Once the aux starter relay is jumpered, what other wiring, diodes, switches, etc. can be eliminated? I mean, wouldn't it be nice to jumper the red, to red/white, somewhere else in the harness, and eliminate the wires from the ignition switch to the aux. relay? Plus any other extra wires that won't be necessary, (side stand relay, side stand switch, associated wires). I can't be the only guy that thinks there's way too much wiring on these things......I've already tossed the winkers, and relay, and about ready to pull the wires out of the harness for those.
Crazy?
The capacitor holds a DC charge to keep the clock in the instrument panel ticking along it's merry path to oblivion and also to possibly protect the instrument panel from "spikes" when plugging accessories into the accessory socket. I doubt it can have any affect on the electric starting only.

There sure is plenty of extraneous crap in the wiring but how far you go to remove stuff is up to you. For my own case I want the bike to be returned to "sellable in standard trim" one day ("only used twice by current owner" ) but also need to find the balance with "reliable for Safari race conditions". For me this means minimising intrusion in the wiring loom, where the potential for increasing the risk of problems is greatest, while also minimising the extraneous crap that can also cause problems. I have achieved this by replacing most of the front end wiring loom plugs with soldered in waterproof Deustch plugs/sockets, bypassing the aux relay and removing the clutch switch, the sidestand switch and the aux relay itself.

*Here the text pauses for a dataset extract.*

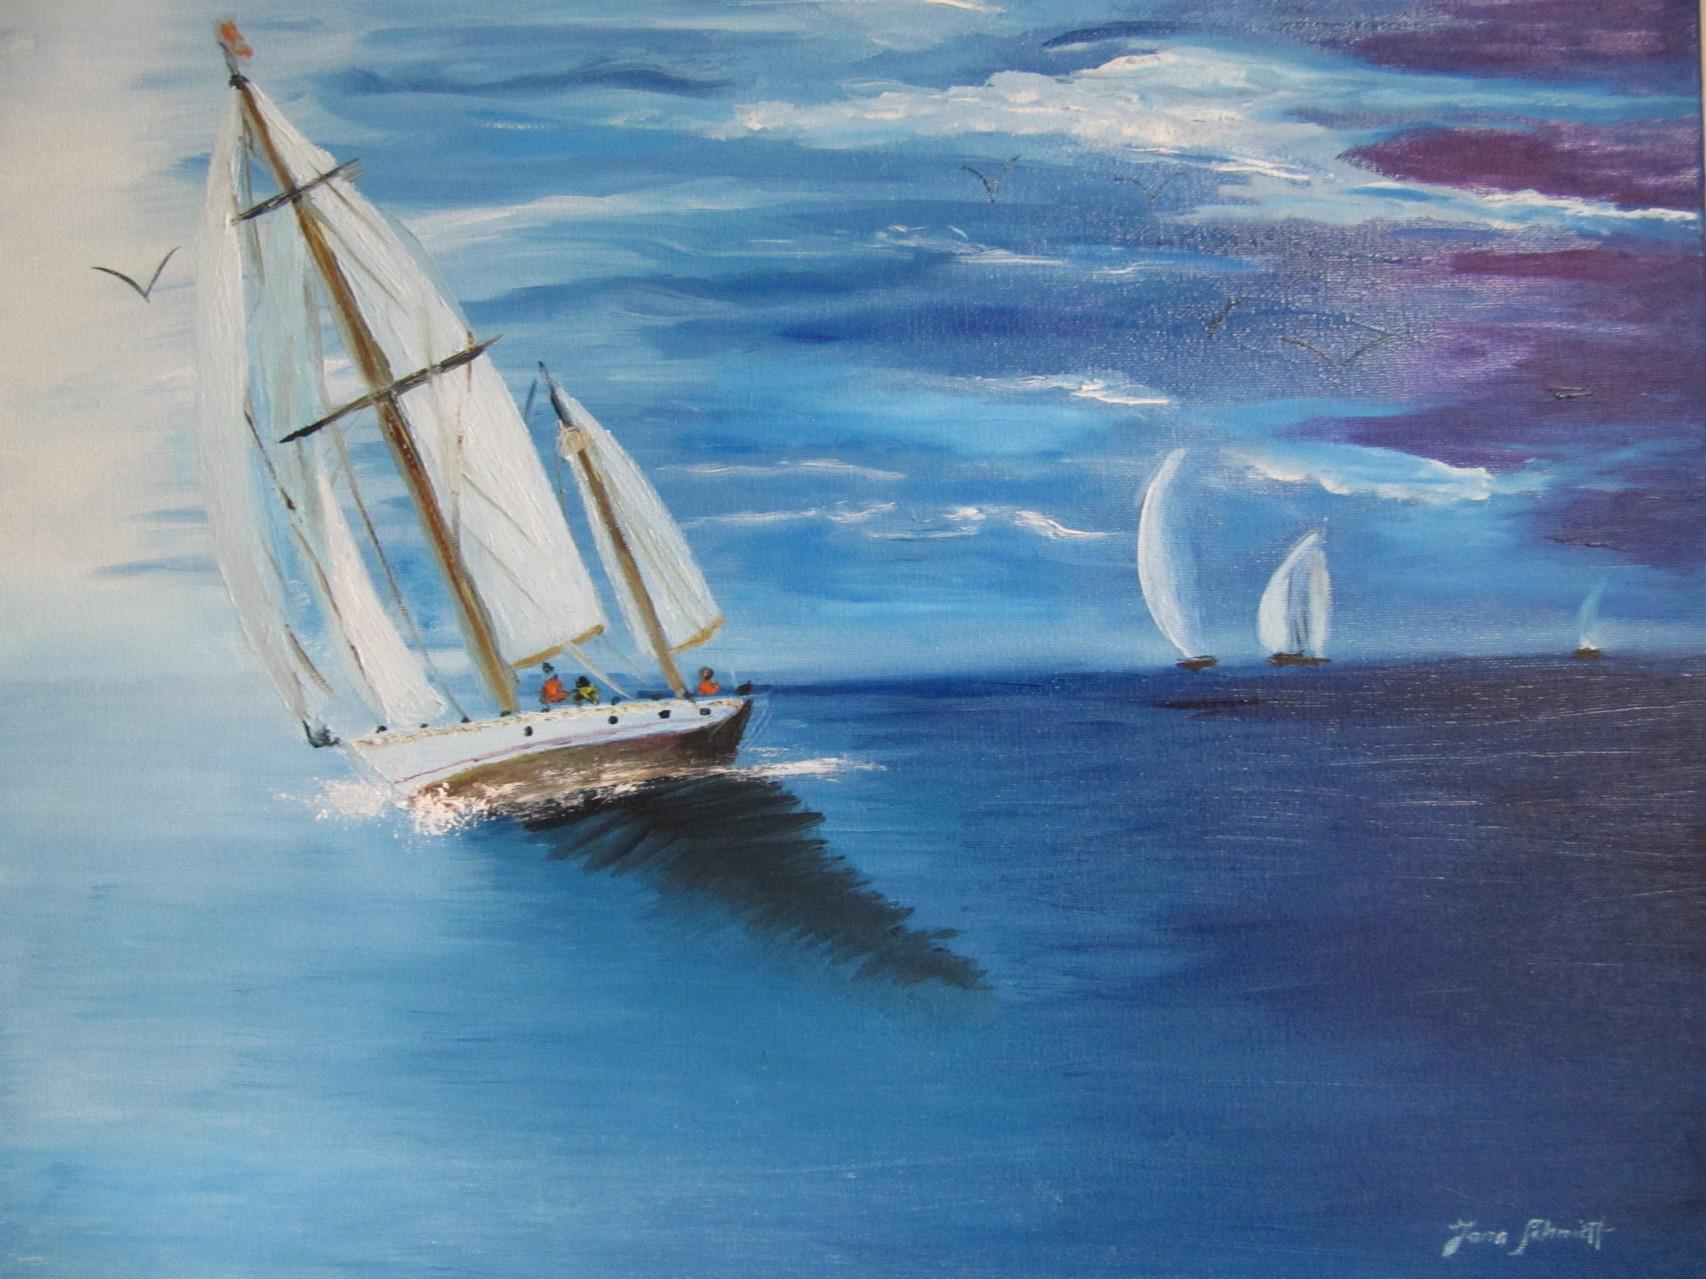 Sailing II 40 x 50 Öl auf Leinwand

I will shortly also be removing the ignition switch (I would hate to have the ignition switch barrel self destruct during the Safari) and replacing it with a marine toggle switch on the Rally cockpit dash. (Taking most of my cues from the factory 690's). Shortly before the Safari I will also remove the "winkers" and flasher relay but that'll about be it.

Quote:
but I've got the new battery charging now, and hopefully that'll do it!
So how are you making out there Eric? Got the old girl sorted and firing up on the button?